#### DATA LISTING:
###

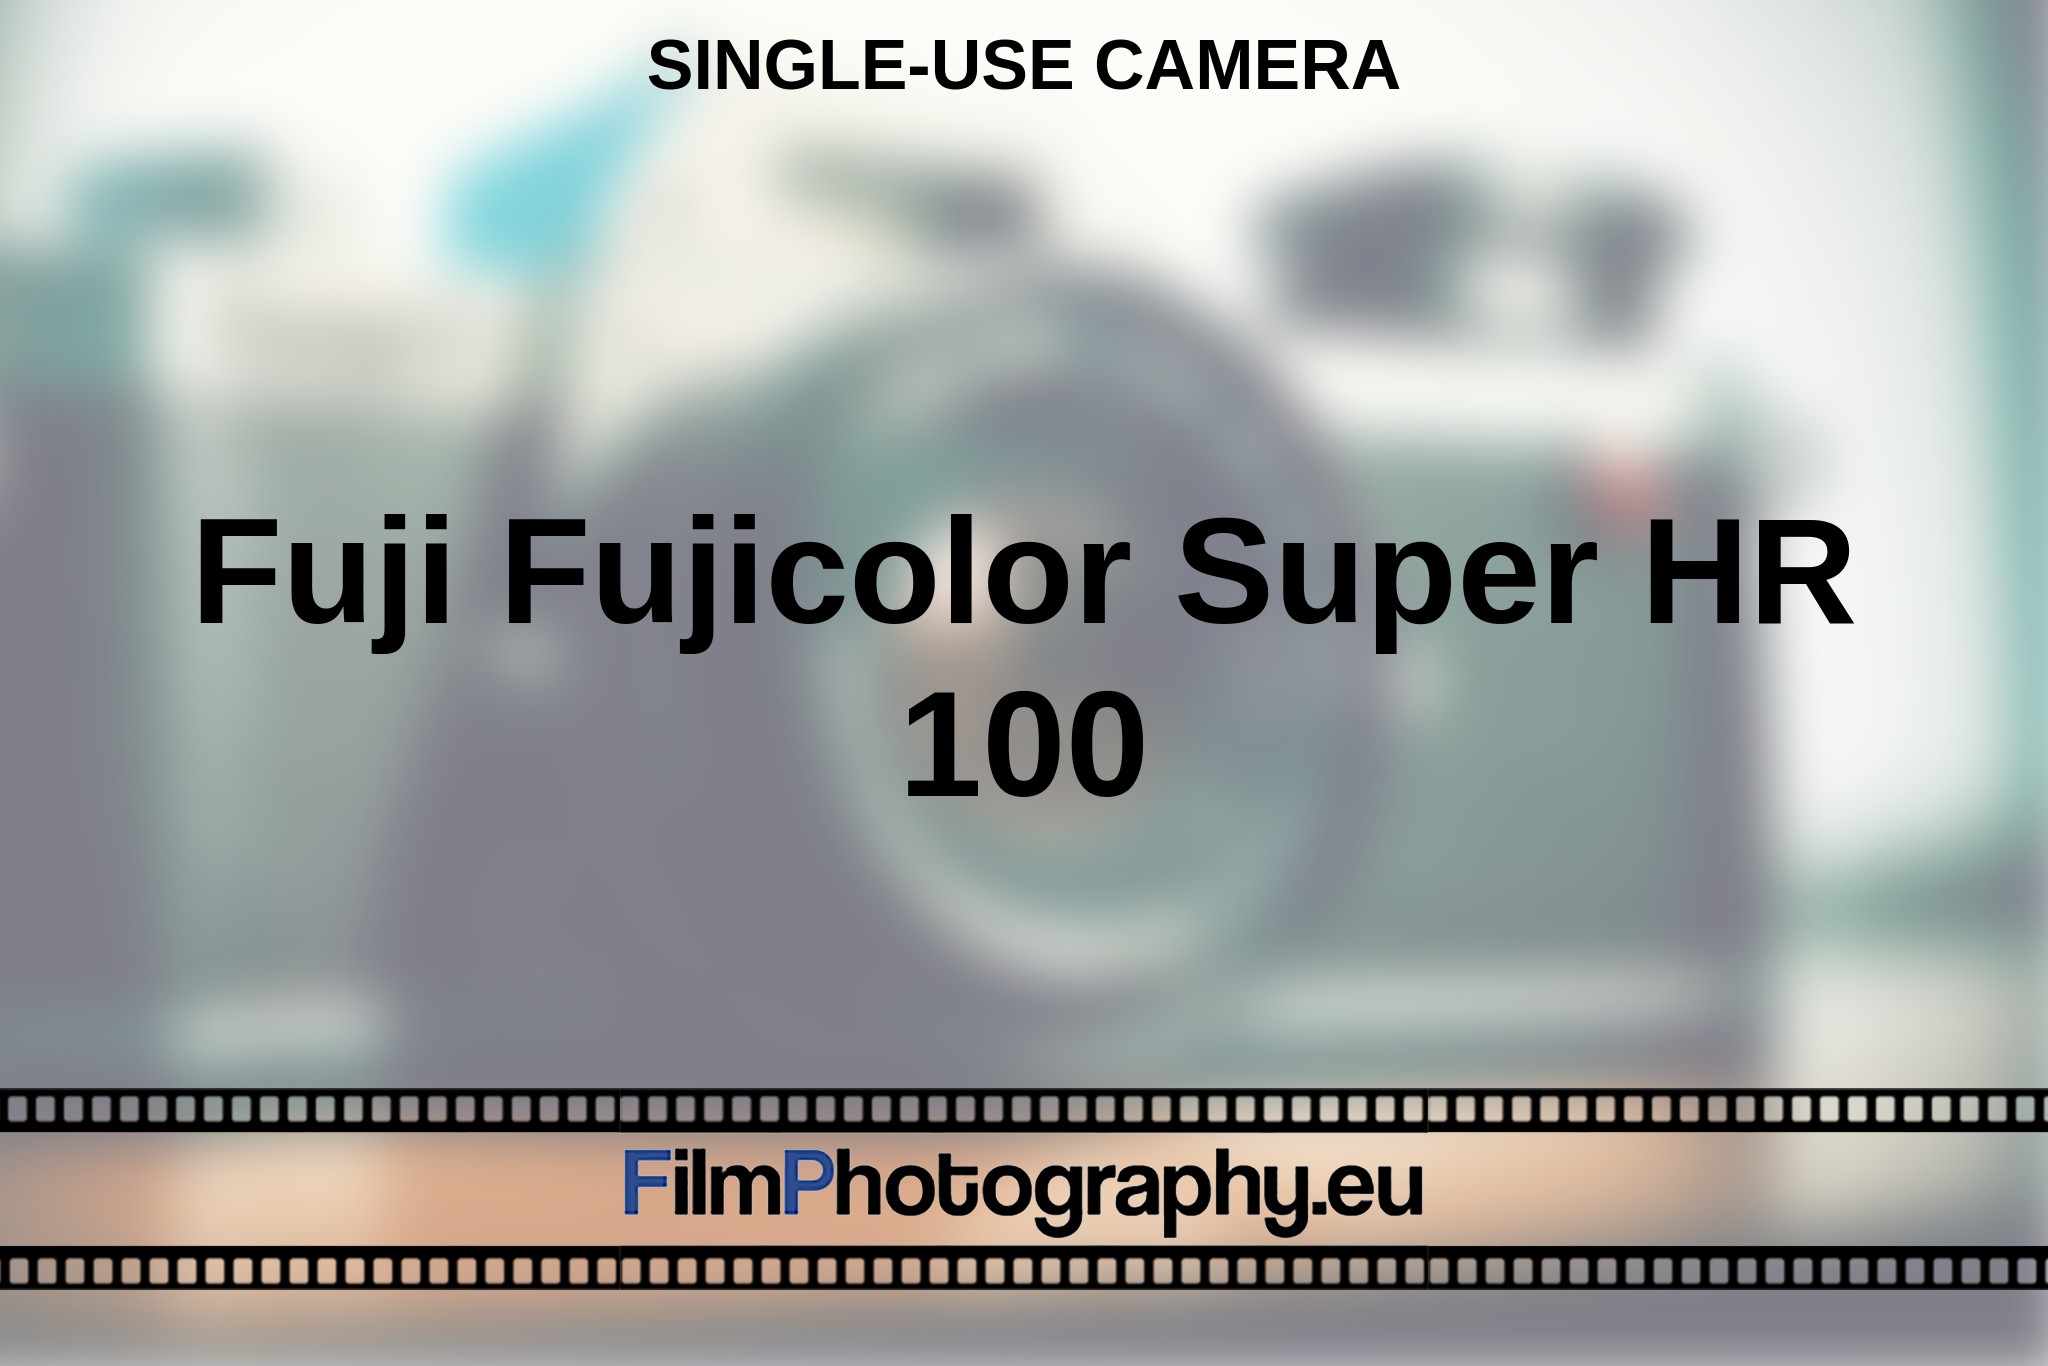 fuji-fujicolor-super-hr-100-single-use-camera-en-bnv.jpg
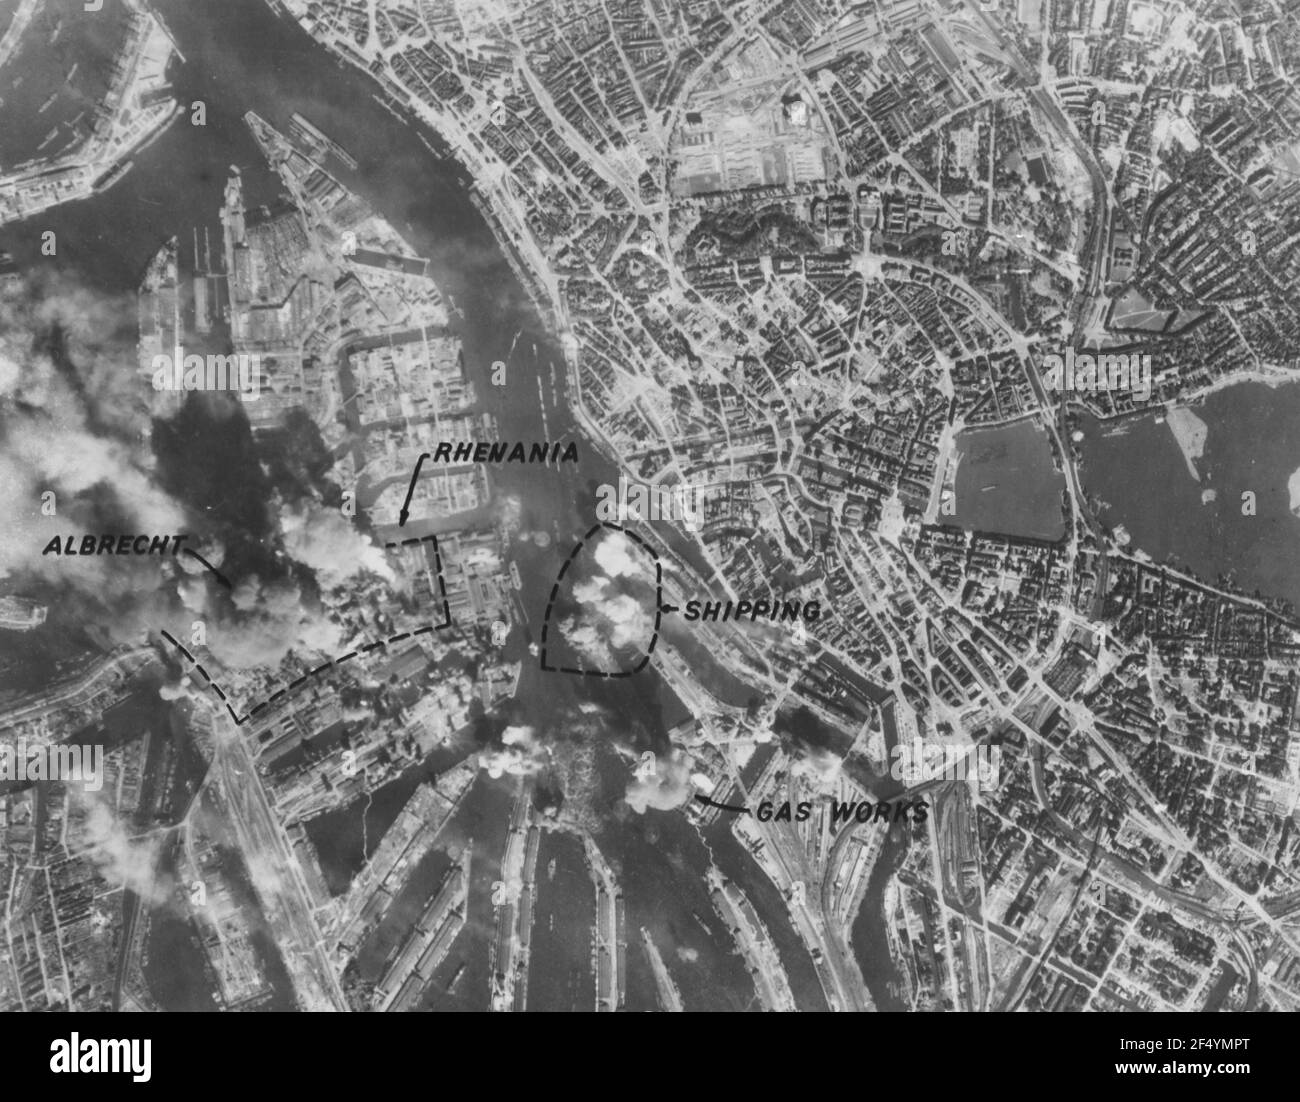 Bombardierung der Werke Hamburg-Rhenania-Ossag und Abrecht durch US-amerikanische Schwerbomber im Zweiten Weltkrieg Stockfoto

###

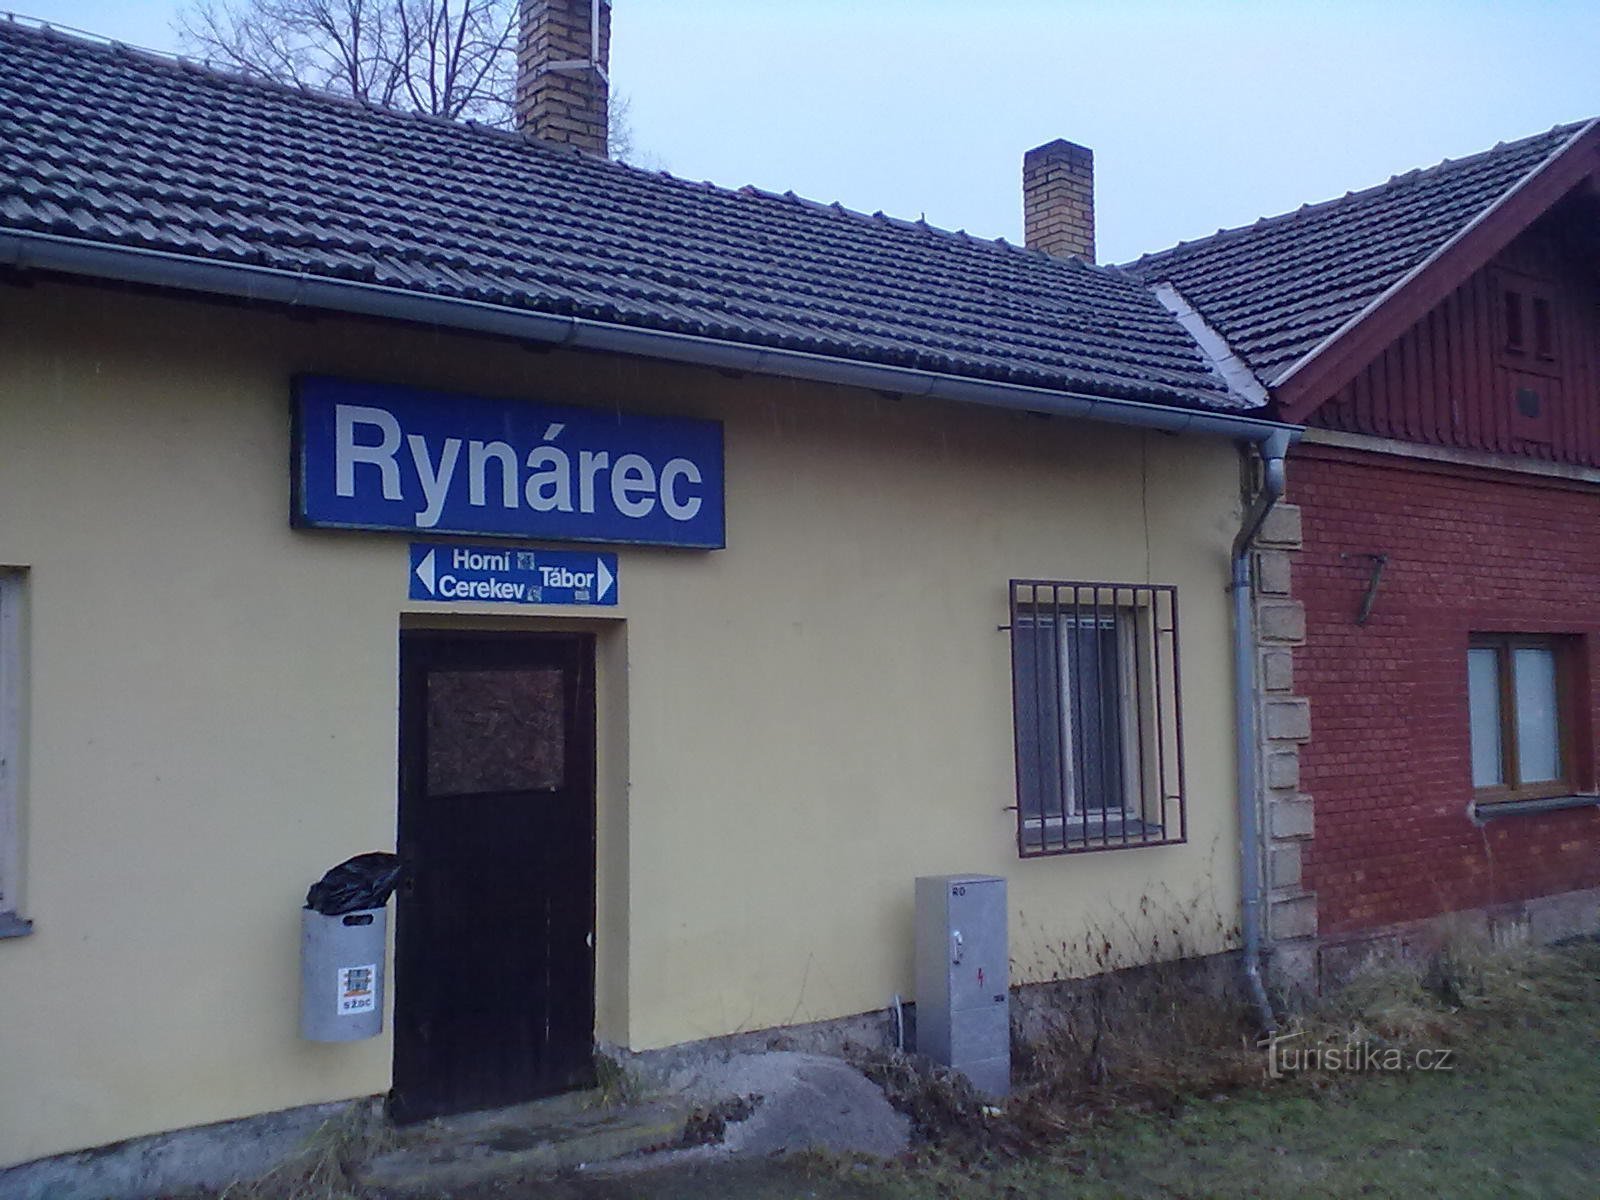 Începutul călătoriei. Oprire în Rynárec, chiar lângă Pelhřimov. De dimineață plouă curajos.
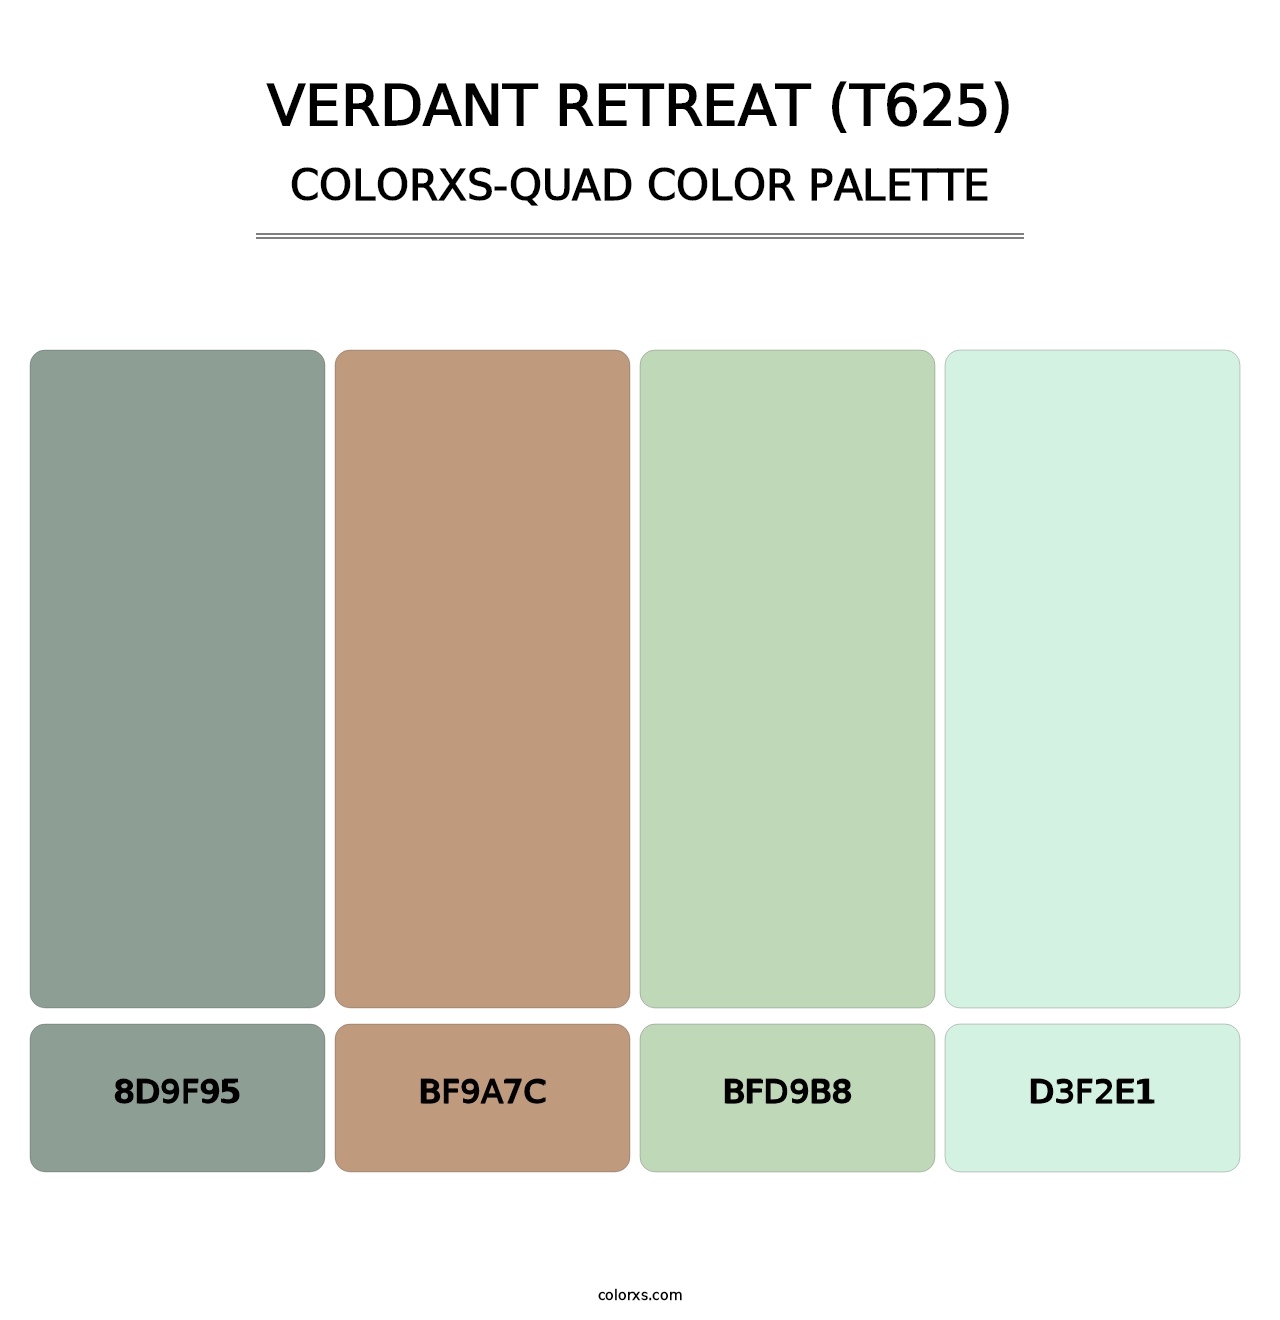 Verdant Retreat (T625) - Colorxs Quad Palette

###

Copy the entries above exactly, but only the stretch from the line containing "fuji-fujicolor-super-hr-100-single-use-camera-en-bnv.jpg" through the line containing "Bombardierung der Werke". Keep both end lines; drop the pictures.

#### WRITTEN REPLY:
 fuji-fujicolor-super-hr-100-single-use-camera-en-bnv.jpg
 Bombardierung der Werke Hamburg-Rhenania-Ossag und Abrecht durch US-amerikanische Schwerbomber im Zweiten Weltkrieg Stockfoto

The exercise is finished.